* _Work instruction_: Set down, please, exactly the lines below that run from the line with "Adventure Advertising" to the line with "dentist chrome web icon isolated", both lines included.

* _Stored items from a collection_:
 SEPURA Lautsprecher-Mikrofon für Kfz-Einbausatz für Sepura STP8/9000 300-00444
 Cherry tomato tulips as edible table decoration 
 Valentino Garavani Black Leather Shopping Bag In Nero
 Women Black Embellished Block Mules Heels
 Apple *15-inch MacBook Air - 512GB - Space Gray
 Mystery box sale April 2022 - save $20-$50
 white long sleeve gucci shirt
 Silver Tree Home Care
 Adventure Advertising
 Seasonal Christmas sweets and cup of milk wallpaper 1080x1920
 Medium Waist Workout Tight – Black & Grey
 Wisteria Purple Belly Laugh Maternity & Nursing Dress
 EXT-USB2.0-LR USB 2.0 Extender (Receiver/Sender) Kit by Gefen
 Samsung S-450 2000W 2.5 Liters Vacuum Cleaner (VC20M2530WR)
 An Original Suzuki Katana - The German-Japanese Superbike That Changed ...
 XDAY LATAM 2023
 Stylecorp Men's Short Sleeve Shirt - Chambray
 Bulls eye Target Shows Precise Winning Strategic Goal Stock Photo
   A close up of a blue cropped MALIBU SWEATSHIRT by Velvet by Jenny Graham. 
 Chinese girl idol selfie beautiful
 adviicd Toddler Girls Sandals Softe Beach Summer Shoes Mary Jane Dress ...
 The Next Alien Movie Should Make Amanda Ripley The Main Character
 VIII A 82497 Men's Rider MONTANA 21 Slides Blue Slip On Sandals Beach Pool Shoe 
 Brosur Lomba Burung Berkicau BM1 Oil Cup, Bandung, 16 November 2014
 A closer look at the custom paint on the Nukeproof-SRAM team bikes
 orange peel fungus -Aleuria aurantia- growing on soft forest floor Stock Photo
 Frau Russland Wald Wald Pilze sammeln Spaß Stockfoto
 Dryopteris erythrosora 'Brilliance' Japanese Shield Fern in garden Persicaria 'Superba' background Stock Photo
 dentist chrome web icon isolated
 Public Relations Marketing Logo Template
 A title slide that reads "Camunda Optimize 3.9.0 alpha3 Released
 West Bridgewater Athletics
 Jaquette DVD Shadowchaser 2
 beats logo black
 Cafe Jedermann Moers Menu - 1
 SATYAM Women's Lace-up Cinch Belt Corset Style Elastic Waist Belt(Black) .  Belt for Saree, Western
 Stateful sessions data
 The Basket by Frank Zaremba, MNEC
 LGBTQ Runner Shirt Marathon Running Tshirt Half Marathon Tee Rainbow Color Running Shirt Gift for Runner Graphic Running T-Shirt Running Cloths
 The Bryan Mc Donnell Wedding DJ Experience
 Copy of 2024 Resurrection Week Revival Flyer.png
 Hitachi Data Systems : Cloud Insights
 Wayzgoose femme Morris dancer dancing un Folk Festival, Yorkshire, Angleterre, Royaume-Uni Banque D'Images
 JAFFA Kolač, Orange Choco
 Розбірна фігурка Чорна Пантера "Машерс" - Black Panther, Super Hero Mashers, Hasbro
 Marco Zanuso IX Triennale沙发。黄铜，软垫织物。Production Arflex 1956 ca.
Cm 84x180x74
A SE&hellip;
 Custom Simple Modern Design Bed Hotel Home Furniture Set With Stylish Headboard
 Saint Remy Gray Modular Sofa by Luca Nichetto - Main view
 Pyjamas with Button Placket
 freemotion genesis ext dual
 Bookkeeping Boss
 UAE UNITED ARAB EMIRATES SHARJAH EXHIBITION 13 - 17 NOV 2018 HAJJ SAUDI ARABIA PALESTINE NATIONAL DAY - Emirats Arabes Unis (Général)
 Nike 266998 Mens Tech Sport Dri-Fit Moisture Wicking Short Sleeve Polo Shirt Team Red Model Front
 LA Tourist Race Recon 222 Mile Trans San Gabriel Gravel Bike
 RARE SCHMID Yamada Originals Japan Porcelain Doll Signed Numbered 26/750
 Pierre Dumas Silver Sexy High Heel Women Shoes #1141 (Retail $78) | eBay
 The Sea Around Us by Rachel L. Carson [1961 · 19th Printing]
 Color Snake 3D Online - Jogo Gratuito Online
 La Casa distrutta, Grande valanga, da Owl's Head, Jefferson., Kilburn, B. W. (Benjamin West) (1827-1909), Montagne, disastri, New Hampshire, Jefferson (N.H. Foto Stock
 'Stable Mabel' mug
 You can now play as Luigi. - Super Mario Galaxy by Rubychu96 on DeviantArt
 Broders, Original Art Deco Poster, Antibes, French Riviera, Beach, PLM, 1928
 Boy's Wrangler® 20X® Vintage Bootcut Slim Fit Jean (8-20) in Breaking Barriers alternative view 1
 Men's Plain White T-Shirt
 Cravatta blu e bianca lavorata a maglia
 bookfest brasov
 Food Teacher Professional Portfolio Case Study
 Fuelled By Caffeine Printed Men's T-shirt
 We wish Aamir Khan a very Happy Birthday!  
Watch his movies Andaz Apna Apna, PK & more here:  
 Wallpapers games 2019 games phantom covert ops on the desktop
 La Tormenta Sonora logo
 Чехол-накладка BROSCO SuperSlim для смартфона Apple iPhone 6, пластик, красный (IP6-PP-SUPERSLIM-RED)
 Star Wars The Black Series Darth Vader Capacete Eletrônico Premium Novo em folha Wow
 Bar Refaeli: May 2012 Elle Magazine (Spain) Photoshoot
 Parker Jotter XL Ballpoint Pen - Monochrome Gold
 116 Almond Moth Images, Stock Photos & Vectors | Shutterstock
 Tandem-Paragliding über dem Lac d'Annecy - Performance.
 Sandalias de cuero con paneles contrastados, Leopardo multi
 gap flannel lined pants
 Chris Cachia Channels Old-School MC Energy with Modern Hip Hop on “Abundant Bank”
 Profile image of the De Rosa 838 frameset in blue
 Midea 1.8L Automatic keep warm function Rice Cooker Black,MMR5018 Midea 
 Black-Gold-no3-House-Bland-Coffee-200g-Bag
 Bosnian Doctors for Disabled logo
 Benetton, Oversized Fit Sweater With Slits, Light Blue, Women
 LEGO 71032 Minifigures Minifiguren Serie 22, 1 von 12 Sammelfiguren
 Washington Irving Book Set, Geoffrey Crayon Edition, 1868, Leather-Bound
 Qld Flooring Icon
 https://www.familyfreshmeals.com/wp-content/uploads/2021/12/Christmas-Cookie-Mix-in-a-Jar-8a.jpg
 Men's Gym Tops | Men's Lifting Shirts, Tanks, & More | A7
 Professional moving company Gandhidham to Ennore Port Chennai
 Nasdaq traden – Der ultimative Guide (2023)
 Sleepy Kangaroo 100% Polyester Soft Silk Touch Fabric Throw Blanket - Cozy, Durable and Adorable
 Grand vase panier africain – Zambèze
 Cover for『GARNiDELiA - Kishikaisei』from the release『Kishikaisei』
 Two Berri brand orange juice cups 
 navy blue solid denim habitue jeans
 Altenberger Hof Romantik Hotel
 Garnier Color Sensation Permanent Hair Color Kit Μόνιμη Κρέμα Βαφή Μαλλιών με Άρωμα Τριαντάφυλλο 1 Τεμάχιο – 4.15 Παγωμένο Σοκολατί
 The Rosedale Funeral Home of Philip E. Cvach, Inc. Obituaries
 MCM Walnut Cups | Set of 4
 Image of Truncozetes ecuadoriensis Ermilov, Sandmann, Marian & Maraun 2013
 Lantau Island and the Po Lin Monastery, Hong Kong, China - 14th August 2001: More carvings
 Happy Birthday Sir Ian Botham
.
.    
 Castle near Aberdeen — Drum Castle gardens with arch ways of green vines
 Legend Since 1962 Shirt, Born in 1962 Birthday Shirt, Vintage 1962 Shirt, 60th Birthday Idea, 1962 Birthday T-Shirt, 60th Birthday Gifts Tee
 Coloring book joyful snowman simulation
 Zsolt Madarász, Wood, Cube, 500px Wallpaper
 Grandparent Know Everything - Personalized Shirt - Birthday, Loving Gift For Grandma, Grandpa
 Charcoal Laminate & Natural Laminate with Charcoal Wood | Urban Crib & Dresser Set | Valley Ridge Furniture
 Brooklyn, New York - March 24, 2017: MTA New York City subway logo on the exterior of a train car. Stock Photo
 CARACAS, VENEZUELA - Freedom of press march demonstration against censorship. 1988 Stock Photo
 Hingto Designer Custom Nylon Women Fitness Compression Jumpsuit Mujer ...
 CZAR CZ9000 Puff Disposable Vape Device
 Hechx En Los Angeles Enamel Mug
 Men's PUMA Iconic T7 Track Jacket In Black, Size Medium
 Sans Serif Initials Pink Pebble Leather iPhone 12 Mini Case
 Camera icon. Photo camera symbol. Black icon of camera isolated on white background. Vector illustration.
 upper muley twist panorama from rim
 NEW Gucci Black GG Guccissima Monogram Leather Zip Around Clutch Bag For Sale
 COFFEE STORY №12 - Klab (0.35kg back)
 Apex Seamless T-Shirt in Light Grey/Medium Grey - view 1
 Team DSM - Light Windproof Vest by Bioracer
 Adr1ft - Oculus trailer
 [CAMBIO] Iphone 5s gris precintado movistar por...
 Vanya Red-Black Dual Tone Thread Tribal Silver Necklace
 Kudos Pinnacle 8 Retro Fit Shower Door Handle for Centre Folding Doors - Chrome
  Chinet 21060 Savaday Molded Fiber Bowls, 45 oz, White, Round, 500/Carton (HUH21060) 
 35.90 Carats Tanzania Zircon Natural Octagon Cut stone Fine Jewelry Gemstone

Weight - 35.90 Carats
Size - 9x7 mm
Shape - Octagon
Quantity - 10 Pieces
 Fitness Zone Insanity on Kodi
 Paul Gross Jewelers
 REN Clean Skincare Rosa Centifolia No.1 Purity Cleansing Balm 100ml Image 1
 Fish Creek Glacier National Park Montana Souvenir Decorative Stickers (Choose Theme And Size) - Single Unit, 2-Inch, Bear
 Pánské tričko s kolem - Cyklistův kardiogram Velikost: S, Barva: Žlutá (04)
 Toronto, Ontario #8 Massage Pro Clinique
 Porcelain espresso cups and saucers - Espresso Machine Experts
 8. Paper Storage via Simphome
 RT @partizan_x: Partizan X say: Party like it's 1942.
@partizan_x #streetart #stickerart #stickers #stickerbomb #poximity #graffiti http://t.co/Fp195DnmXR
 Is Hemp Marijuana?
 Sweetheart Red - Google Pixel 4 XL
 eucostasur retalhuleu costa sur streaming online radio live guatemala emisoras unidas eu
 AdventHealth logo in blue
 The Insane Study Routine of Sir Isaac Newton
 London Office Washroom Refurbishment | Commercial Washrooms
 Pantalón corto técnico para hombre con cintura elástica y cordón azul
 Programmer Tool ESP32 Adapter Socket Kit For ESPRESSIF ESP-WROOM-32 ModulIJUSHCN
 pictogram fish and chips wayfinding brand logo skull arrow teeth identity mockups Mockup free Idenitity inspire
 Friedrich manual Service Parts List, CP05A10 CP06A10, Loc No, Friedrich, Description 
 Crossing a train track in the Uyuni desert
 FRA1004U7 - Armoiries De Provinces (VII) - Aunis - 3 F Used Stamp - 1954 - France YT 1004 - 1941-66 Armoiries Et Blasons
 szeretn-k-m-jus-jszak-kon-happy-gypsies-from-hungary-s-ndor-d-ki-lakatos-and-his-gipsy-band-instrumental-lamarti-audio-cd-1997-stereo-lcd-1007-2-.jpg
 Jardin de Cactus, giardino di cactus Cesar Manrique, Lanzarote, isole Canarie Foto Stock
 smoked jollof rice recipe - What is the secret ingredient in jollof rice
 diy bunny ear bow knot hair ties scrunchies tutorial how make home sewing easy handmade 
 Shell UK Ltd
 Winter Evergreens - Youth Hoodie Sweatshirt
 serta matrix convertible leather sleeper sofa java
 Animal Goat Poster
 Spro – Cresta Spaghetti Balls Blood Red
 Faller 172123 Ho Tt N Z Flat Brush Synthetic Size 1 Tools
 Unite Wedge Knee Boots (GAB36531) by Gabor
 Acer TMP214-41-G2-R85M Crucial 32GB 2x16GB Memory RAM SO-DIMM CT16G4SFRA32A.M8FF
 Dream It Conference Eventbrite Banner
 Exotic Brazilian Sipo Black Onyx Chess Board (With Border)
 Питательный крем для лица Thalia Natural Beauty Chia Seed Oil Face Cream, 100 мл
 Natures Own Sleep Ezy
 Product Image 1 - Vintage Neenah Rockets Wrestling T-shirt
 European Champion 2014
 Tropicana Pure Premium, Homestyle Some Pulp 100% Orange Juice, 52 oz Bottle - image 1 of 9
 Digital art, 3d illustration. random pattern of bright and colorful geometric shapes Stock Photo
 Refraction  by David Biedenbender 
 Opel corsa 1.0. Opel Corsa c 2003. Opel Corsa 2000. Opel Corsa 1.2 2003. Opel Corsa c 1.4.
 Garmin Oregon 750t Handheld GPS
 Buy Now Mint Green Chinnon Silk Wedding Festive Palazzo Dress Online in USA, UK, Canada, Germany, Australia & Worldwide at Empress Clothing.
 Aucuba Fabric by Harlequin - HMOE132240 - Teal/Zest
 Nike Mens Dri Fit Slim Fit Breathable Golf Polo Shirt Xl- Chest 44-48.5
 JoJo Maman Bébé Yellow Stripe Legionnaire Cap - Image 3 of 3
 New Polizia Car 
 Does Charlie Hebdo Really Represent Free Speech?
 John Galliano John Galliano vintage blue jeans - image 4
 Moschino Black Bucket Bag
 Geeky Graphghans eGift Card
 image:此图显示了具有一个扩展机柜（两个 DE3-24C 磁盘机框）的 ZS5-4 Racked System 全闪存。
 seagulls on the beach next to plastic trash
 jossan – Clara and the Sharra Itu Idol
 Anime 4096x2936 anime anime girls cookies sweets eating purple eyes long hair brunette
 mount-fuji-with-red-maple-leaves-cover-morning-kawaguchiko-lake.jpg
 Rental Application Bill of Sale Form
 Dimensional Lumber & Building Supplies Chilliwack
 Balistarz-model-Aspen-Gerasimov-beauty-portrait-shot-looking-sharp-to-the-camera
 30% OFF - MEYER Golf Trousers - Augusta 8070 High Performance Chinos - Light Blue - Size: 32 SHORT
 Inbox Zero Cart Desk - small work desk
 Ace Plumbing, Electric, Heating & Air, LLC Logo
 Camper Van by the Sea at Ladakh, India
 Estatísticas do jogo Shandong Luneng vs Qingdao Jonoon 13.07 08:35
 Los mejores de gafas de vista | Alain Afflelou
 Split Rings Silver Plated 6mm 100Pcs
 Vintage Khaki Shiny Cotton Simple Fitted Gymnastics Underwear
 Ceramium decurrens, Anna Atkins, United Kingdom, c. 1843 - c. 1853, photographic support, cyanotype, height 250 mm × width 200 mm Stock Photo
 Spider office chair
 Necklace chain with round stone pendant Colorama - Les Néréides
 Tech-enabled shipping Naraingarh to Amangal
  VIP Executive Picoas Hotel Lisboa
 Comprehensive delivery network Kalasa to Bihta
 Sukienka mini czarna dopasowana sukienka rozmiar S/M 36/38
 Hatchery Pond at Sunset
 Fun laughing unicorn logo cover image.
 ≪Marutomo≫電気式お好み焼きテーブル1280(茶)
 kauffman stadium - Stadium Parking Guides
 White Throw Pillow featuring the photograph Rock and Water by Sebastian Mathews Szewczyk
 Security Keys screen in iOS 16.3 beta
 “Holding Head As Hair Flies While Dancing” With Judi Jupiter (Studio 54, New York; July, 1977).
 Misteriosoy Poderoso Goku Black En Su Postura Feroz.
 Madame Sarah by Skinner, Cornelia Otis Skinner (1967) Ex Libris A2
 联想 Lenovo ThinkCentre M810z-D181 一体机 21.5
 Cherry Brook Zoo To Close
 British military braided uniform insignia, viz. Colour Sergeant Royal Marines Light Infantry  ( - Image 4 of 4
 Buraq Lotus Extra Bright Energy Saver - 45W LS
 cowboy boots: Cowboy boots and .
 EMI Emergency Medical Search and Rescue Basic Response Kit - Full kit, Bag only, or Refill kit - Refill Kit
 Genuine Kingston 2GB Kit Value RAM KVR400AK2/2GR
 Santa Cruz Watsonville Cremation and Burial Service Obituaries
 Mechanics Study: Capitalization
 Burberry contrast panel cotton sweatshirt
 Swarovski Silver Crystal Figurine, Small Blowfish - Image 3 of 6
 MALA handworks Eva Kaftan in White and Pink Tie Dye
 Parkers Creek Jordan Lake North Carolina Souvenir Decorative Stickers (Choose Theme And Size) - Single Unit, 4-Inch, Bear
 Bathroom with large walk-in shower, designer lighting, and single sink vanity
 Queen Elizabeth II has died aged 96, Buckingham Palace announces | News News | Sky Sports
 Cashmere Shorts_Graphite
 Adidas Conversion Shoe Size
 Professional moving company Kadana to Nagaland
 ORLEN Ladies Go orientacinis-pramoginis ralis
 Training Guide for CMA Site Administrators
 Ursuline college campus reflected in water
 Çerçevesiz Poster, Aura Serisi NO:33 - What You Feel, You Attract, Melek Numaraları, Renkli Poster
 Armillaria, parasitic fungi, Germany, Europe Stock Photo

* _Exercise solution_:
 Adventure Advertising
 Seasonal Christmas sweets and cup of milk wallpaper 1080x1920
 Medium Waist Workout Tight – Black & Grey
 Wisteria Purple Belly Laugh Maternity & Nursing Dress
 EXT-USB2.0-LR USB 2.0 Extender (Receiver/Sender) Kit by Gefen
 Samsung S-450 2000W 2.5 Liters Vacuum Cleaner (VC20M2530WR)
 An Original Suzuki Katana - The German-Japanese Superbike That Changed ...
 XDAY LATAM 2023
 Stylecorp Men's Short Sleeve Shirt - Chambray
 Bulls eye Target Shows Precise Winning Strategic Goal Stock Photo
   A close up of a blue cropped MALIBU SWEATSHIRT by Velvet by Jenny Graham. 
 Chinese girl idol selfie beautiful
 adviicd Toddler Girls Sandals Softe Beach Summer Shoes Mary Jane Dress ...
 The Next Alien Movie Should Make Amanda Ripley The Main Character
 VIII A 82497 Men's Rider MONTANA 21 Slides Blue Slip On Sandals Beach Pool Shoe 
 Brosur Lomba Burung Berkicau BM1 Oil Cup, Bandung, 16 November 2014
 A closer look at the custom paint on the Nukeproof-SRAM team bikes
 orange peel fungus -Aleuria aurantia- growing on soft forest floor Stock Photo
 Frau Russland Wald Wald Pilze sammeln Spaß Stockfoto
 Dryopteris erythrosora 'Brilliance' Japanese Shield Fern in garden Persicaria 'Superba' background Stock Photo
 dentist chrome web icon isolated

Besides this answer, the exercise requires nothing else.